■ **Information shown**
====

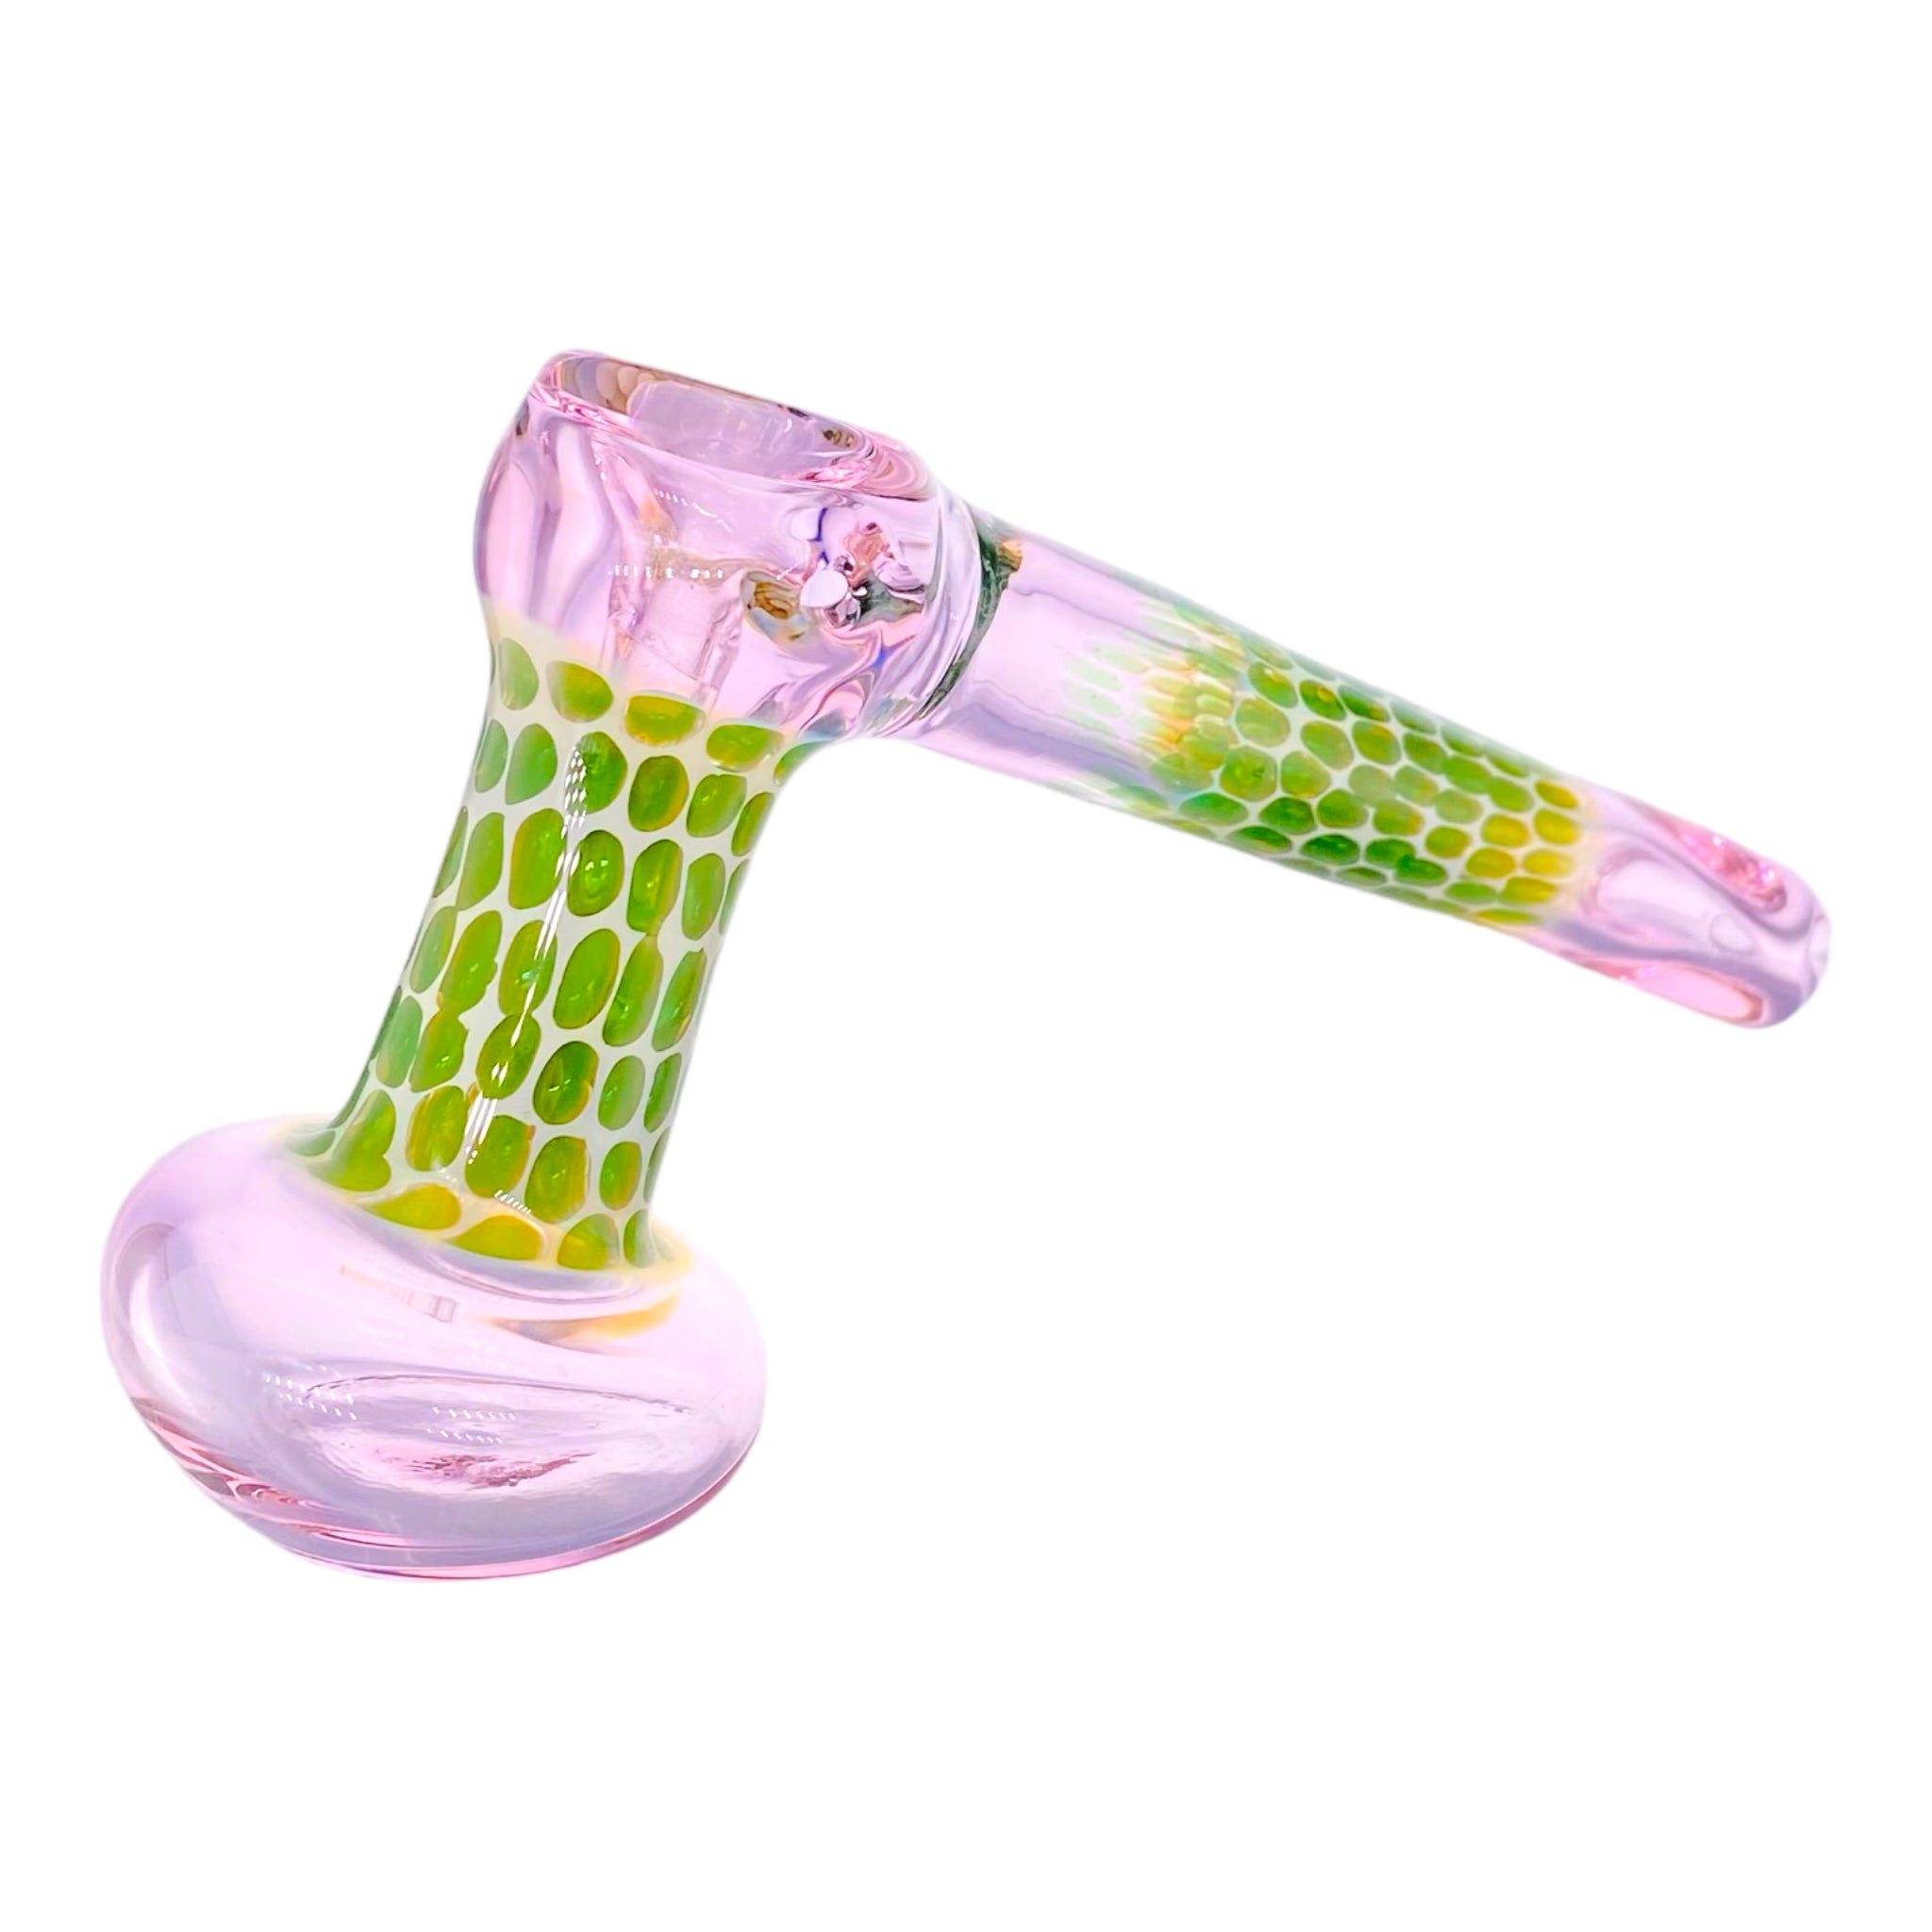 og push bowl bubbler Pink And Green Dot Stack Laydown Glass Bubbler Water Pipe
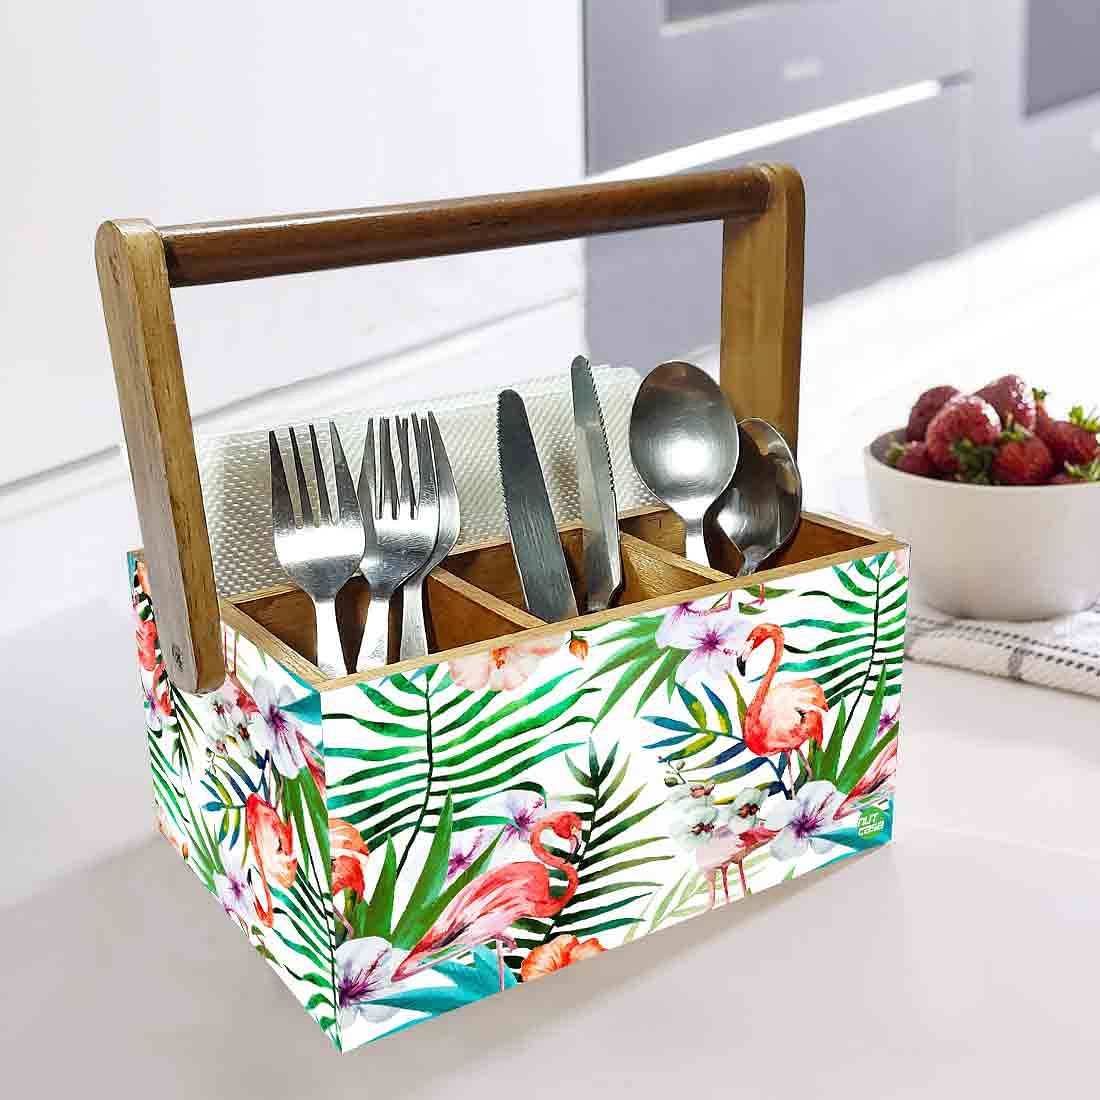 Cutlery Stand for Dining Table Forks Knives & Spoons Organizer - Swan and Leaves Nutcase
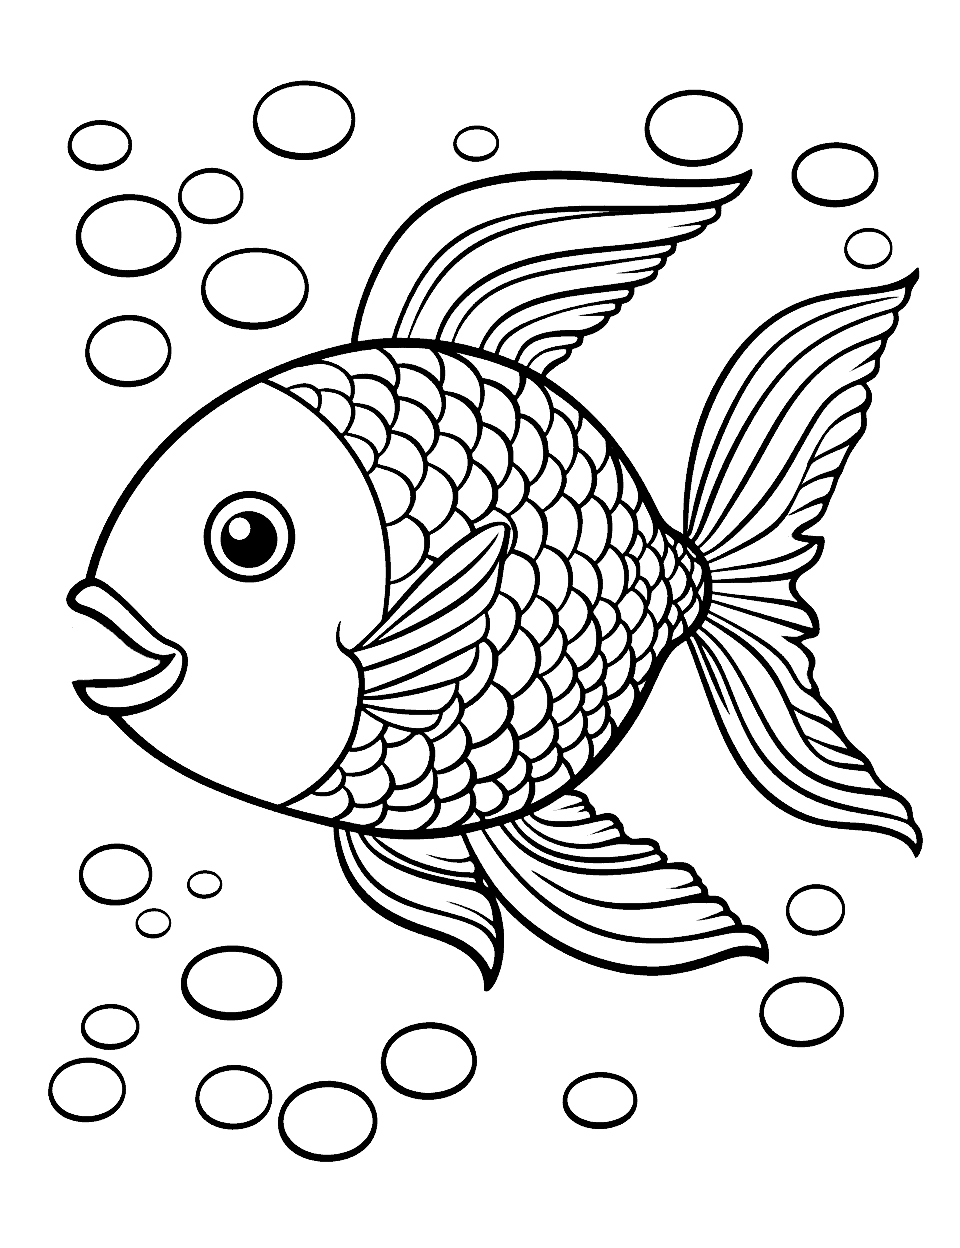 Fish Drawing Coloring Page - An outlined fish drawing, allowing children to fill in the patterns and colors.

====

■ **Task item**
In transcribing the material above, reproduce each line exactly and include none of the pictures.

■ **Worked solution**
 og push bowl bubbler Pink And Green Dot Stack Laydown Glass Bubbler Water Pipe
 Cutlery Stand for Dining Table Forks Knives & Spoons Organizer - Swan and Leaves Nutcase
 Fish Drawing Coloring Page - An outlined fish drawing, allowing children to fill in the patterns and colors.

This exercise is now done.